Results show that under the Workflow and Agentic paradigms, model performance varies significantly with video duration, with Gemini-3-pro-preview achieving the highest accuracy across all categories. The Agentic setting generally outperforms Workflow for longer videos, particularly for Gemini-3-pro-preview, which improves from 50.00% to 70.00% on Long videos, while open-source models like Qwen3-Omni-30B-A3B and MiniCPM-V 4.5 show substantial drops in accuracy on Long videos under Agentic.

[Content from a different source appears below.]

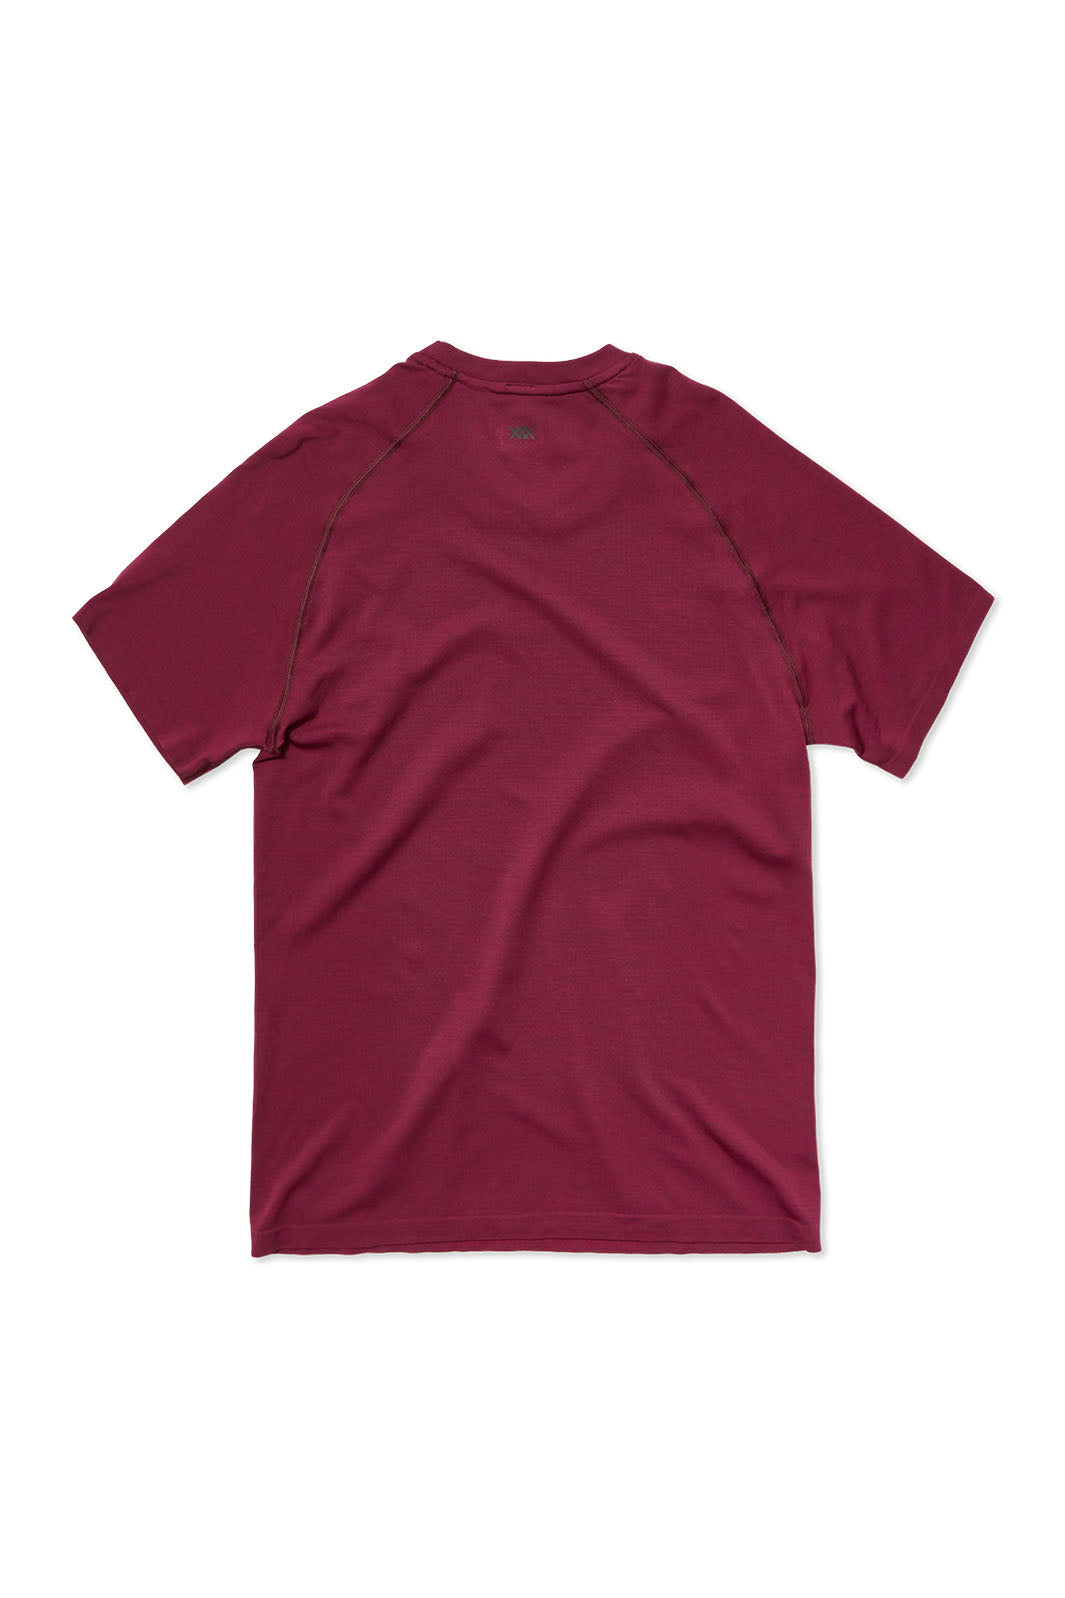 Reign Tech Short Sleeve T-Shirt - Deep Plum

The authors use a domain-specific performance comparison to evaluate models across different question categories under Workflow and Agentic settings. Results show that Gemini-3-pro-preview achieves the highest accuracy in most domains under both settings, with significant improvements in Technology (64.29%→85.71%) and consistent high performance across all domains, while other models exhibit varying strengths and weaknesses depending on the domain and paradigm.

Results show that the Agentic paradigm achieves higher performance than the Workflow paradigm for top models like Gemini-3-pro-preview and GPT-5.2, with accuracy improvements of 7% and 0% respectively, while lower-performing models such as Qwen3-Omni-30B-A3B and MiniCPM-V 4.5 show no gain or even degradation in the Agentic setting. Performance declines significantly with increasing difficulty across both paradigms, and human performance remains consistently higher than all models, especially on High-difficulty samples.